PERANAN MADRASAH PADA MASA PENJAJAHAN
BELANDA DI KALIMANTAN SELATAN
Oleh:
Drs. H. Ramli Nawawi

PENGANTAR

Makalah yang berjudul Peranan Madrasah Pada Masa Penjajahan Belanada di Kalimantan Selatan ini dibuat dalam rangka kegiatan Seminar Sejarah Lokal yang diselenggarakan pada tanggal 1 s.d. 4 September 1982 di Denpasar Bali.

Penyusunan makalah ini berdasarkan metode perpustakaan dan wawancara. Kepustakaan diambil dari berbagai sumber berupa buku, catatan, dan tulisan-tulisan pada mass media. Sedangkan wawancara dilakukan terhadap tokoh yang banyak mengerahui masalah daerah Kalimantan Selatan.

Makalah disiapkan dalam waktu yang relatif singkat ini tentu saja jauh dari sempurna.
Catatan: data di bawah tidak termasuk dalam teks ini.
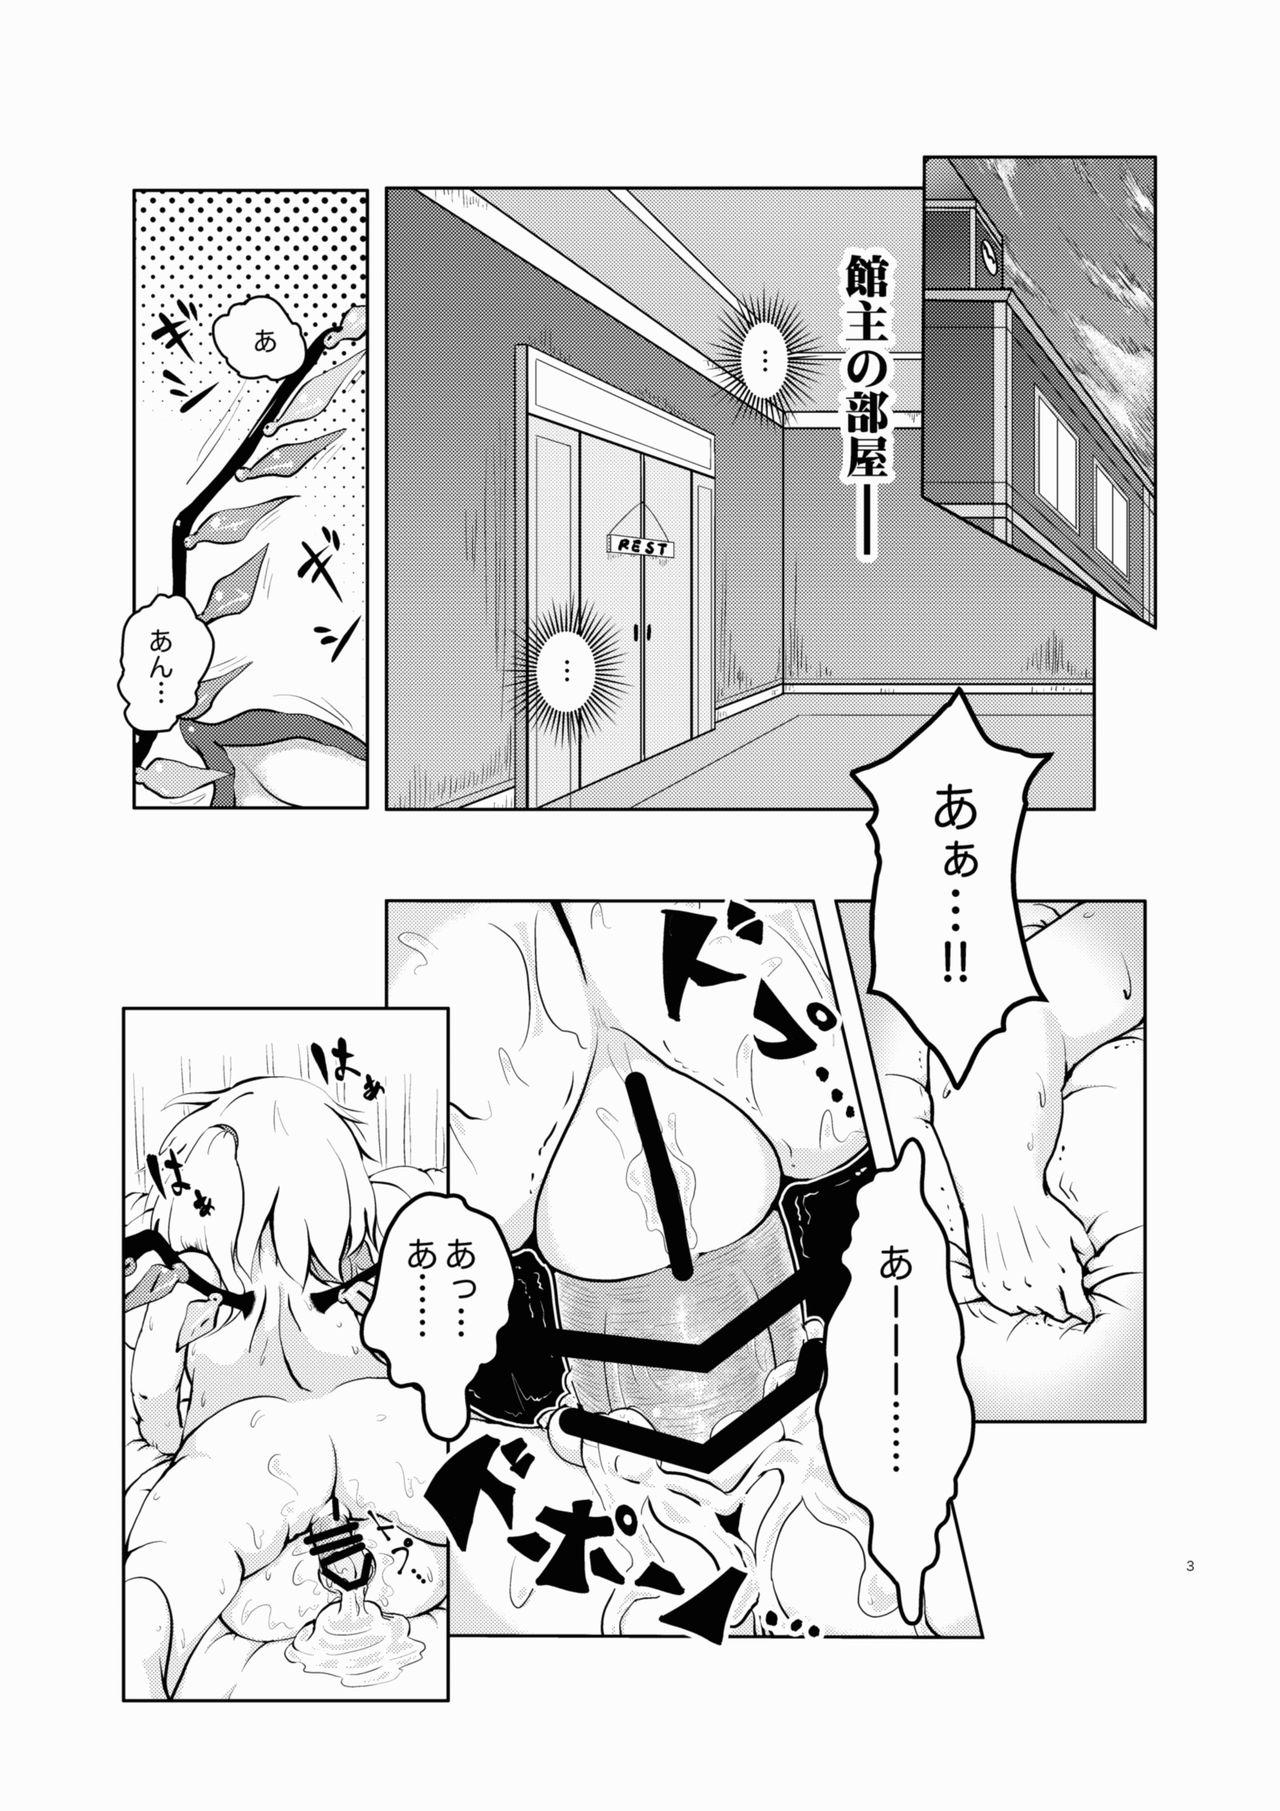 Ikillitts Scarlet Conflict 1 - Touhou project Chupa - Page 3

Mudah-mudahan makalah yang sederhana ini dapat memberikan sumbangan terhadap usaha-usaha yang bermaksud menghimpun pengetahuan tentang sejarah tanah air Indonesia ini.

PENGAJIAN SYEKH MUHAMMAD ARSYAD AL BANJARI

Pengajian yang diselenggarakan Syekh Muhammad Arsyad Al Banjari (1710-1802) seorang ulama Islam dari daerah Kalimantan Selatan yang telah memiliki kealiman setelah belajar selama 30 tahun di Mekah dan Madinah, merupakan kegiatan pendidikan yang pertama diselenggarakan dalam rangka pembaharuan dan penyebaran lebih jauh agama Islam yang masuk ke daerah ini pada pertengahan abad ke 16.
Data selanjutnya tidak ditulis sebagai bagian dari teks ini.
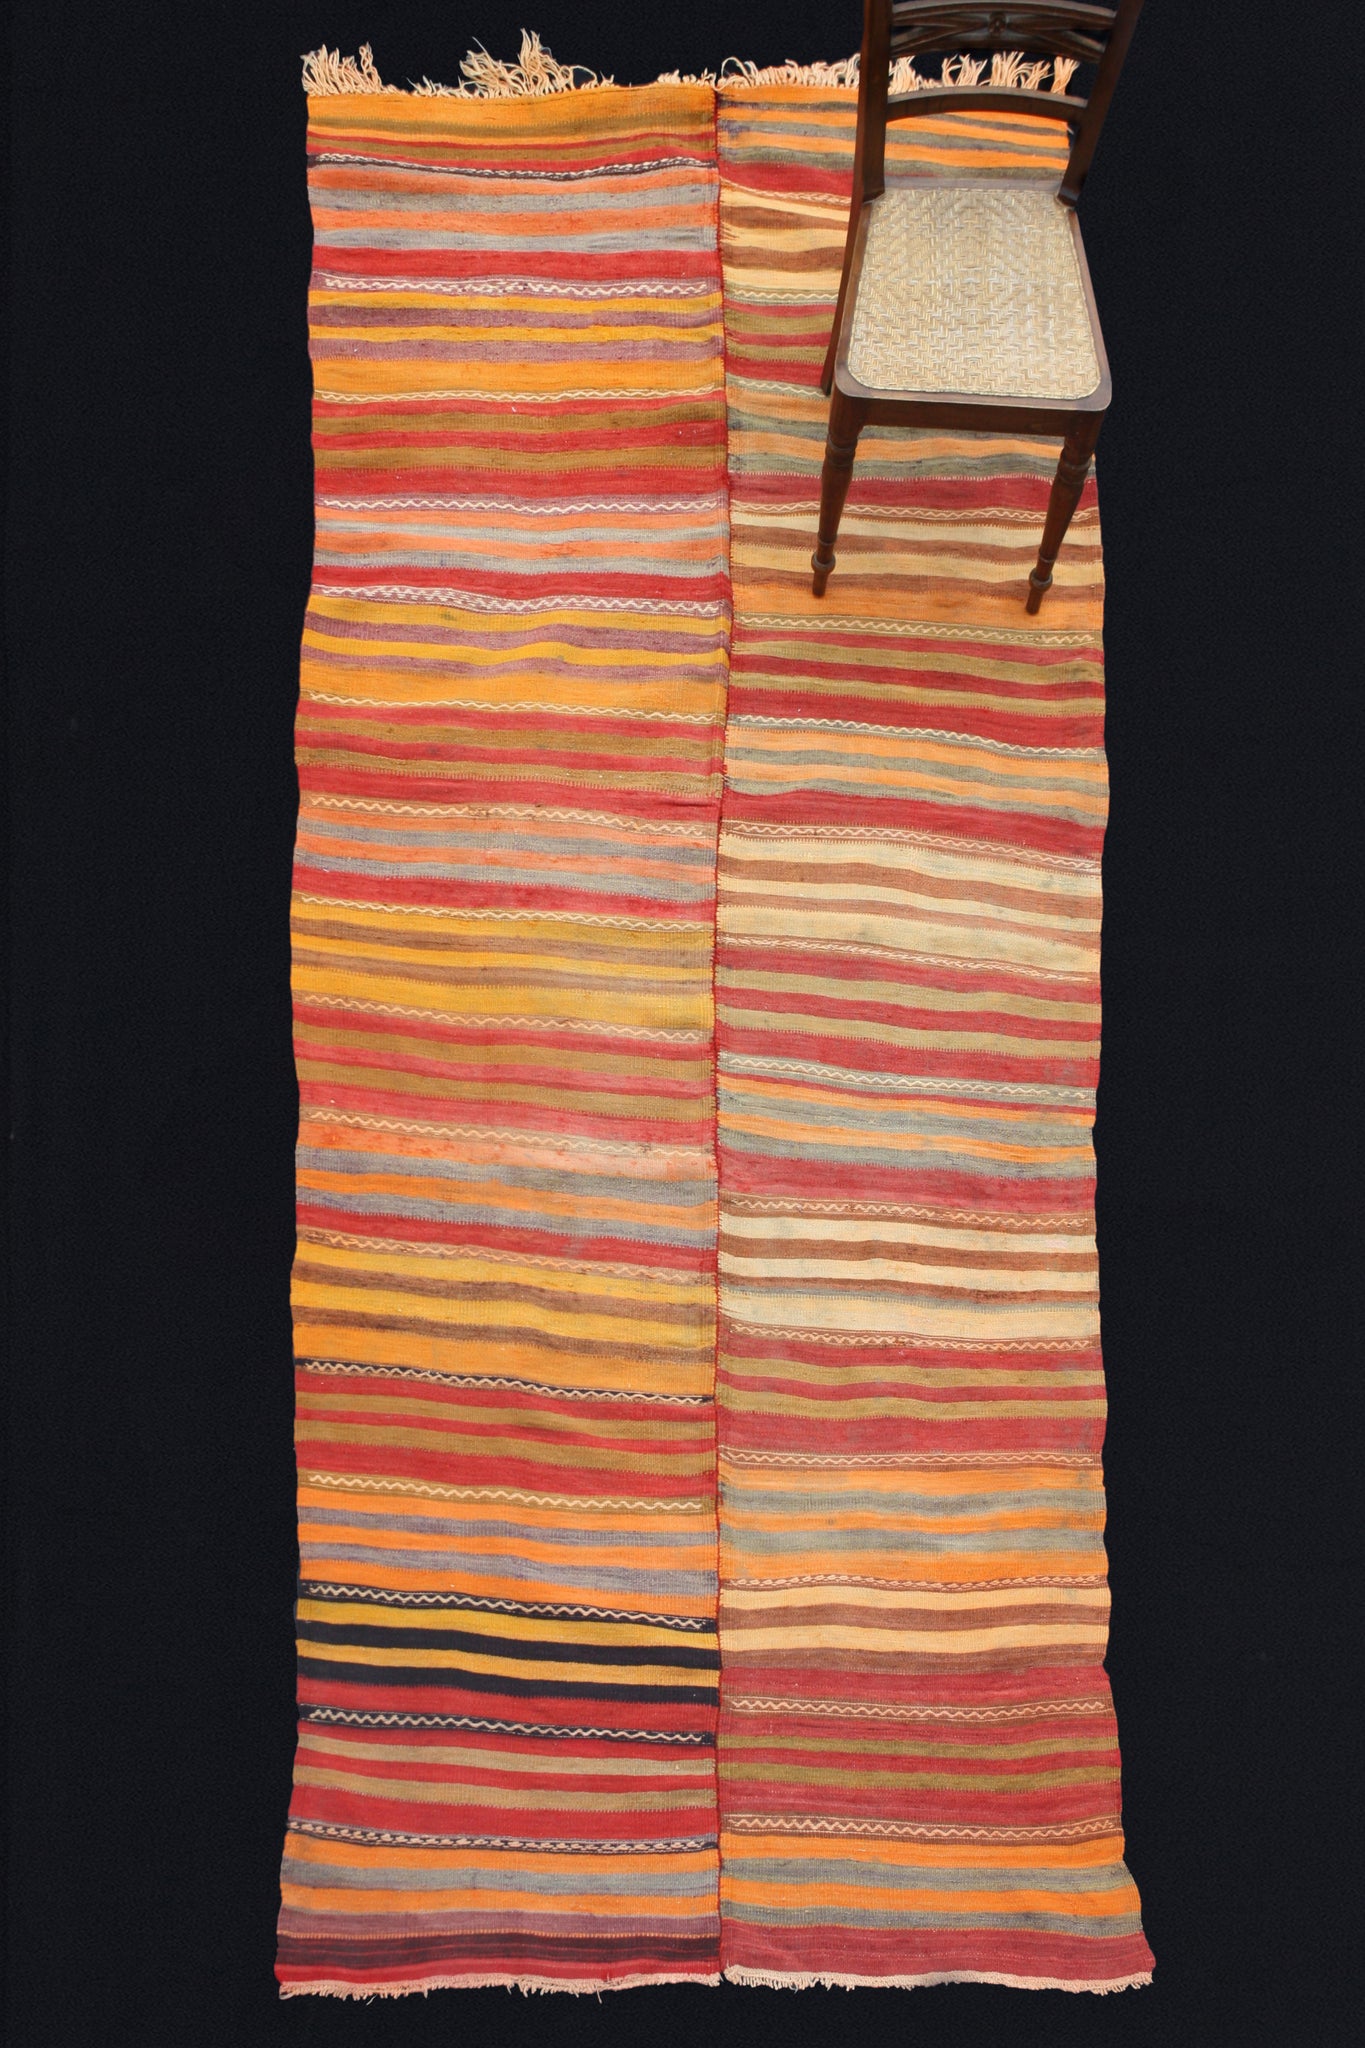 Anatolian Kilim With Red, Yellow And Blue Stripes (4' 9" x 11' 4")

Sistem yang dipakai dalam pengajian ini adalah sistem balagan (bandengan), namun di samping itu dilakukan juga sistem sorogan. Pada sistem balagan seorang guru membacakan dan menjelaskan isi sebuah kitab dikelilingi oleh sejumlah muridnya yang masing-masing memperhatikan kitabnya. Sedangkan sistem sorogan seorang guru hanya memberikan pelajaran ( tuntunan) pada seorang murid (santri) sehingga dapat memahami isi sebuah kitab.
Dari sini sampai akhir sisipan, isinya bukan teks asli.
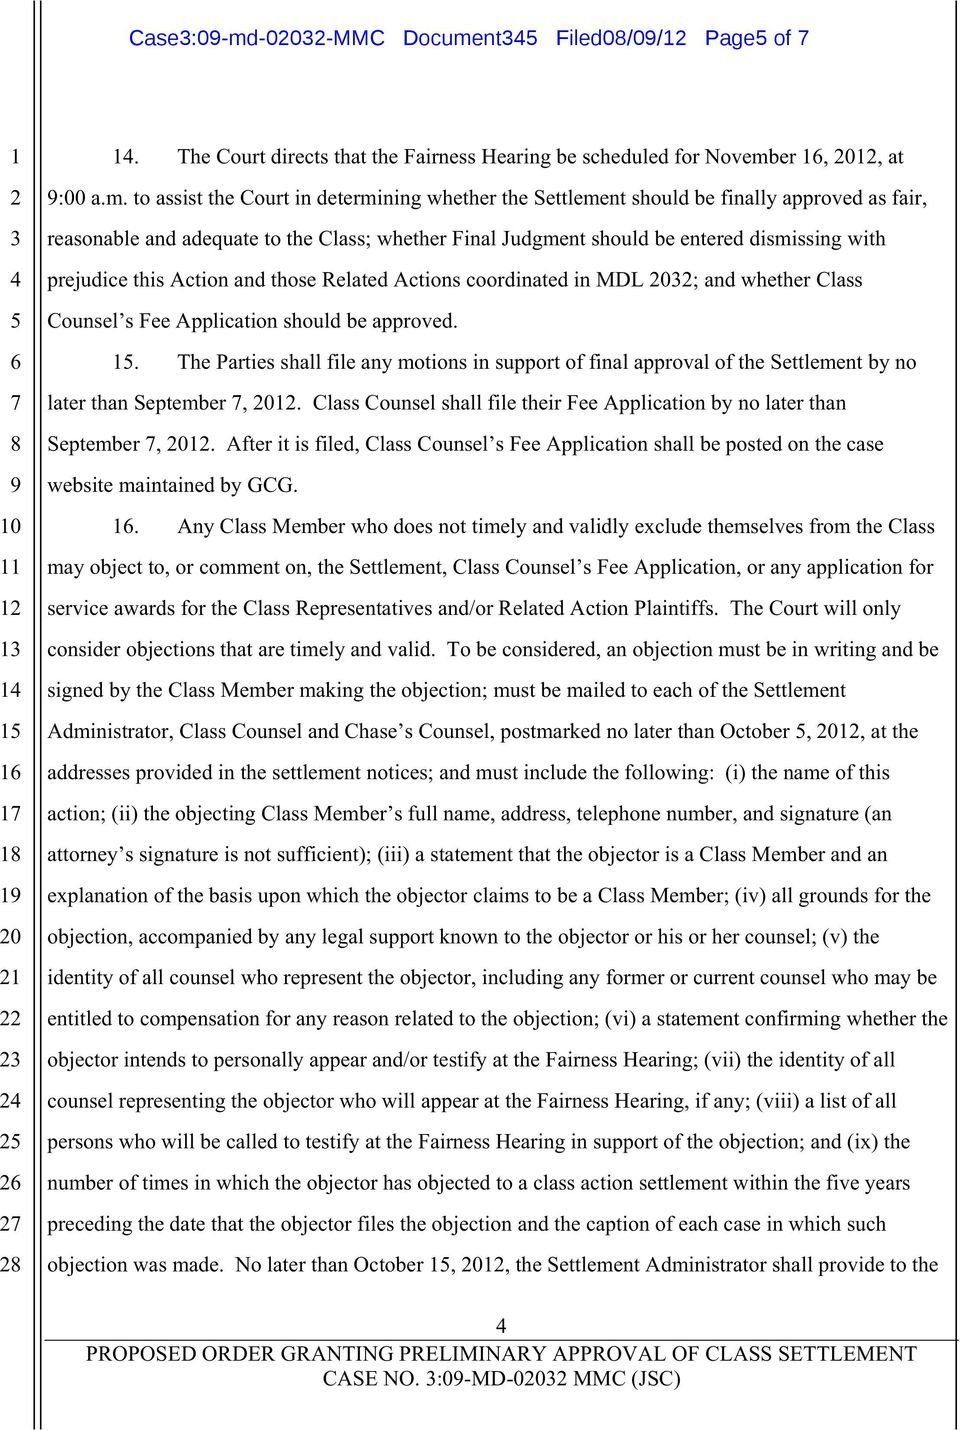 nt Filed0/0/1 Page of 1 1 1 1 1 1 0 1 1. The Court directs that the Fairness Hearing be scheduled for Novemb
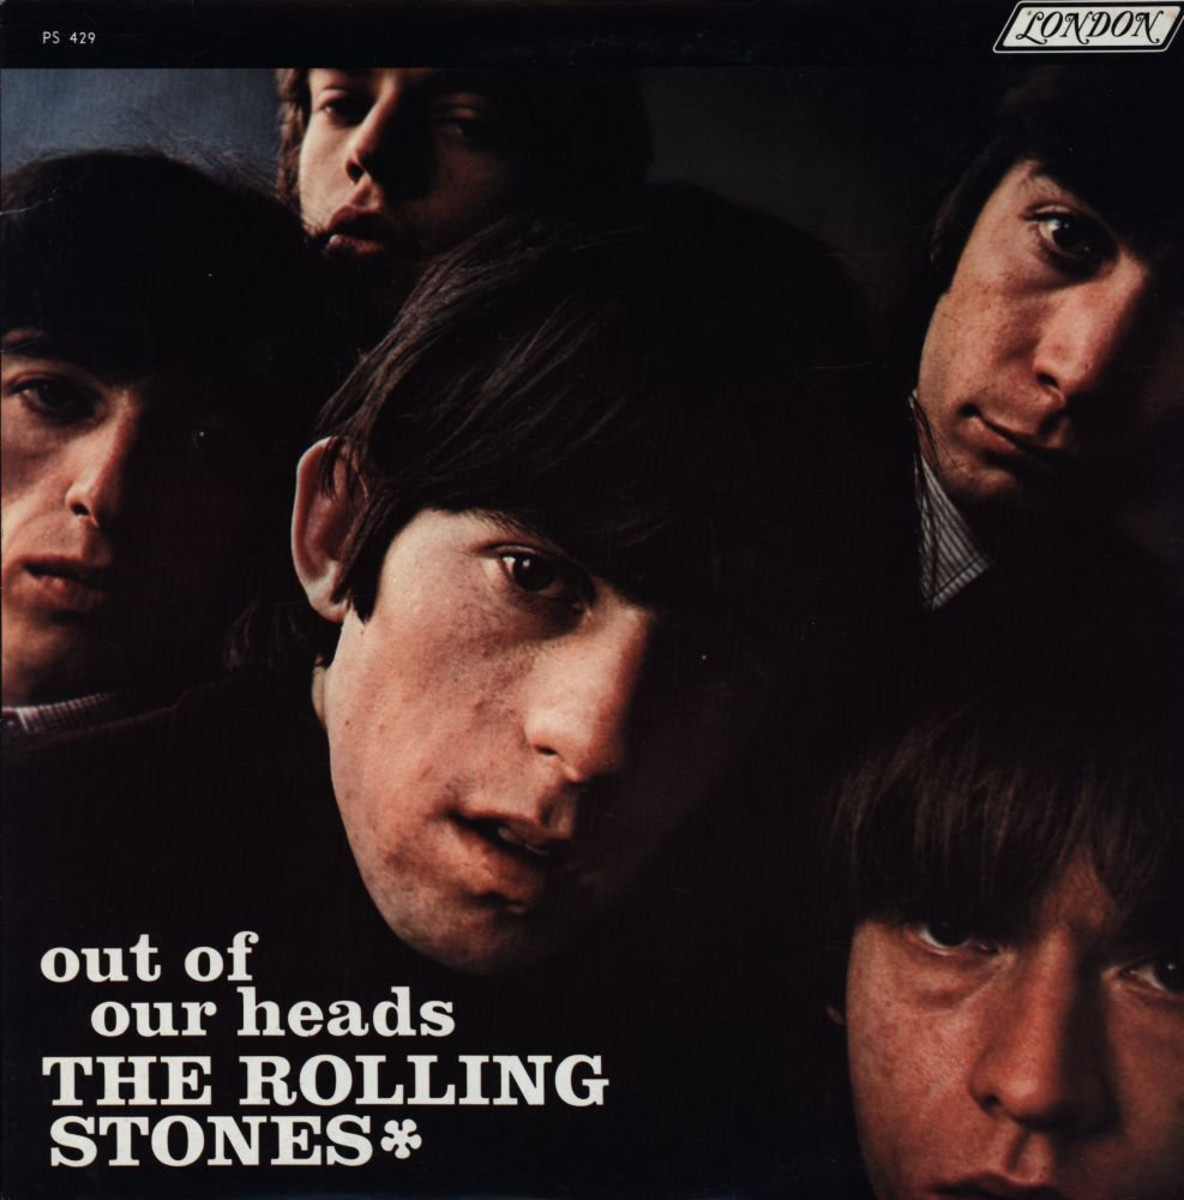 The Rolling Stones, Out of Our Heads

Pada masa permulaan dari pengajian ini beliau secara khusus membimbing kedua cucunya yang bernama Muhammad As'ad dan Fatimah, sehingga keduanya tampil pertama kali sebagai ulama dan alamah yang kemudian menjadi guru bagi sekalian murid laki-laki dan sekalian murid perempuan.

Melalui pengajian ini Muhammad Arsyad mencontohkan kehidupan kepada anak cucu dan murid-muridnya sesuatu pandangan hidup yang menyeimbangkan "hakekat dan syari'at". Di mana dalam segala tindakan kehidupan terdapat keseimbangan antara kegiatan dunia dan akhirat. Pandangan inilah yang kemudian menjadi dasar penyelenggaraan pengajian yang dilakukan Syekh Muhammad Arsyad.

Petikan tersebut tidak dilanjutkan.